Smart Materials: Nanomaterials can be integrated into "smart" materials that are able to respond to changing conditions in space. For example, they can change their properties to adapt to extreme temperatures, the effects of space debris or solar radiation.
Energy nanomaterials: Nanotechnology can be used to create more efficient solar panels, nuclear power sources and batteries. This will help provide spacecraft with longer and more reliable energy sources.
Microsystems and nanomotors: Nanomaterials can be used to create microsystems and nanomotors, which will allow ships to maneuver more accurately and efficiently.
Self-healing materials: Nanotechnology can help create materials that can repair themselves in case of damage, which will increase the reliability of spacecraft on long missions.

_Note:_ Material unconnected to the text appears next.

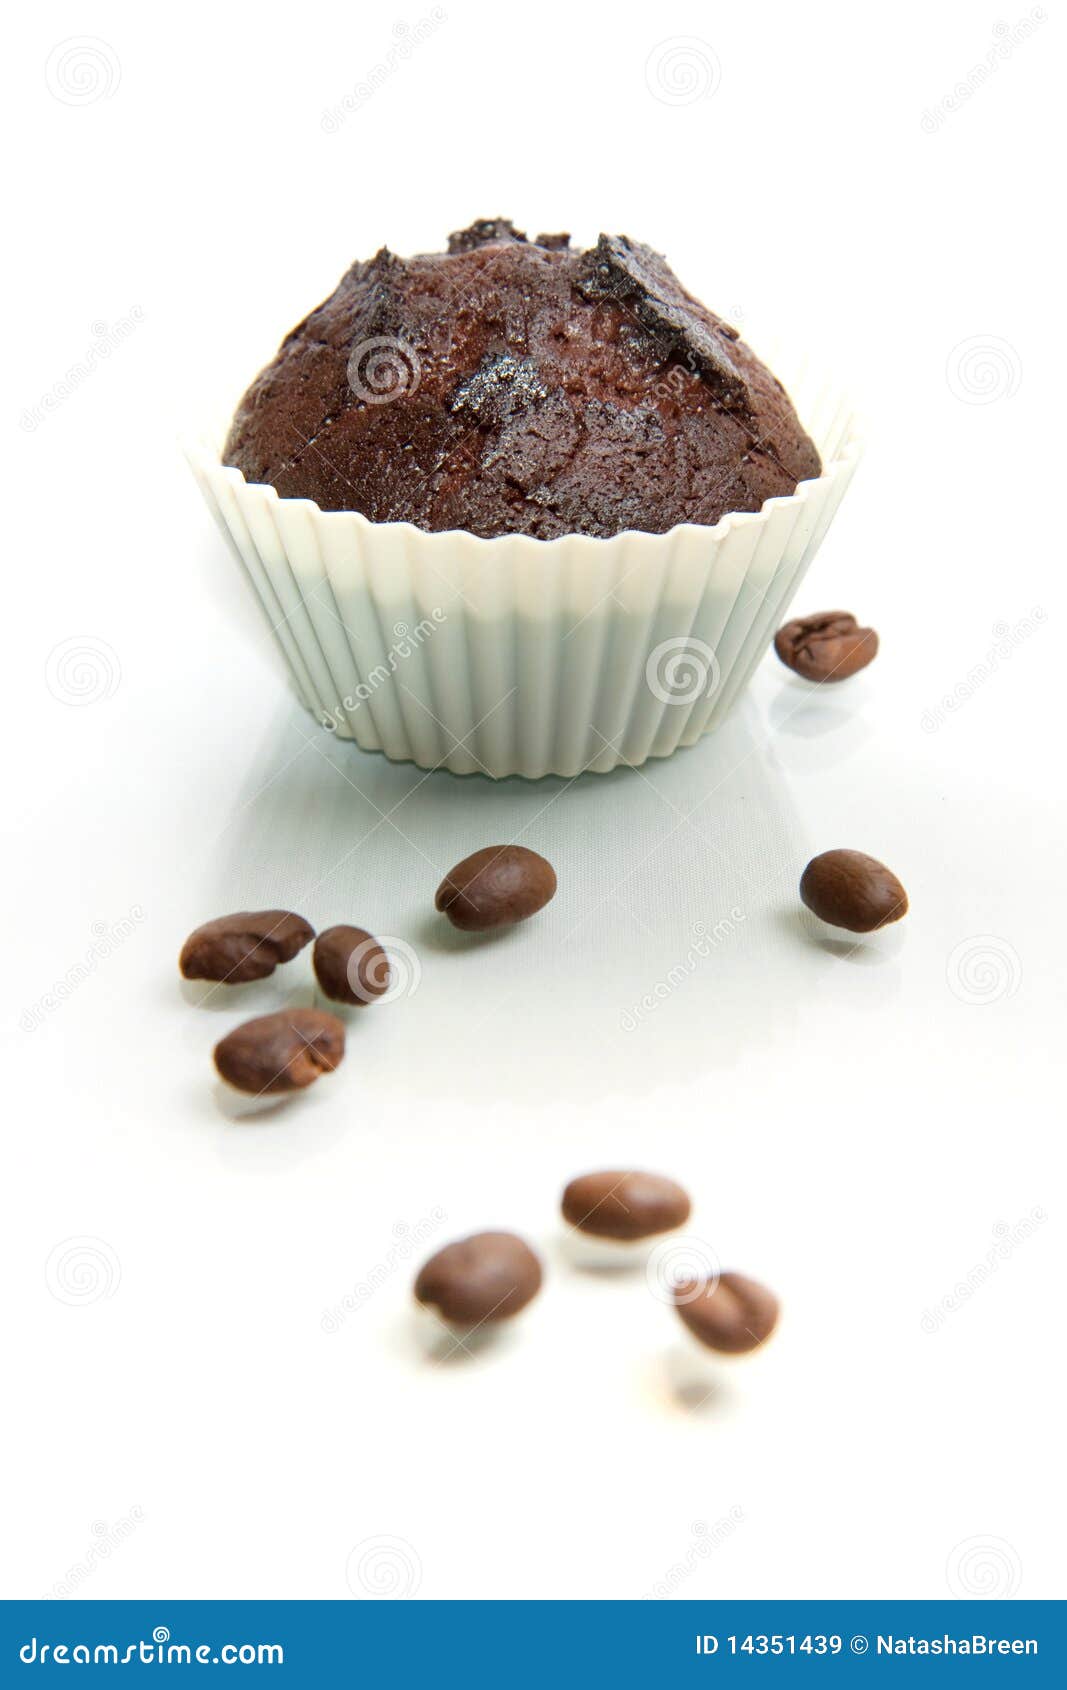 Schokoladen-Muffin Mit Kaffeebohnen Stockbild - Bild von mittagessen ...

The fantastic ideas of space shipbuilding also offer unique solutions that can expand our capabilities and take us into a new era of space research activities. Let's look at a few of them in more detail.
• Antimatter in a spaceship:
Antimatter is a substance that is an antagonist of ordinary matter. The concept of using antimatter in spaceships is a science fiction plot, but it may become a reality in the future. Antimatter can provide a huge amount of energy and significantly increase the speed and efficiency of space flights.
• Interplanetary "sliding" spaceships:
The idea of ships capable of gliding between planets, like airplanes, is a fascinating line of research. These ships could use the atmospheres of planets and satellites as natural "draperies" to change the trajectory and achieve interplanetary goals.
• Starships:
Starships capable of reaching speeds close to the speed of light are one of the most ambitious ideas of space shipbuilding. This concept involves using the theory of relativity to shorten the travel time between the stars and explore distant worlds.
Conclusion
In discussing the prospects of space shipbuilding, we emphasized that this area of science and technology provides unique and exciting opportunities for future research and space missions. Science fiction concepts such as the use of antimatter in spaceships, interplanetary "gliding" spaceships and starships approaching the speed of light open up prospects that can take humanity into a new era of space exploration.
Antimatter, as a source of enormous energy, can significantly increase the efficiency of space flights. Interplanetary "gliding" ships can use the atmospheres of planets to plan interplanetary flights, which is an exciting area of research. Starships capable of approaching the speed of light open the door to exploring distant worlds in a much shorter time.
All these concepts provide the potential to expand our space research capabilities and open up new horizons for human expansion into space. Despite the fact that many of them remain in the field of science fiction at the moment, the rapid development of scientific knowledge and technology can turn these ideas into a future reality, changing our view of space shipbuilding and exploration of the universe.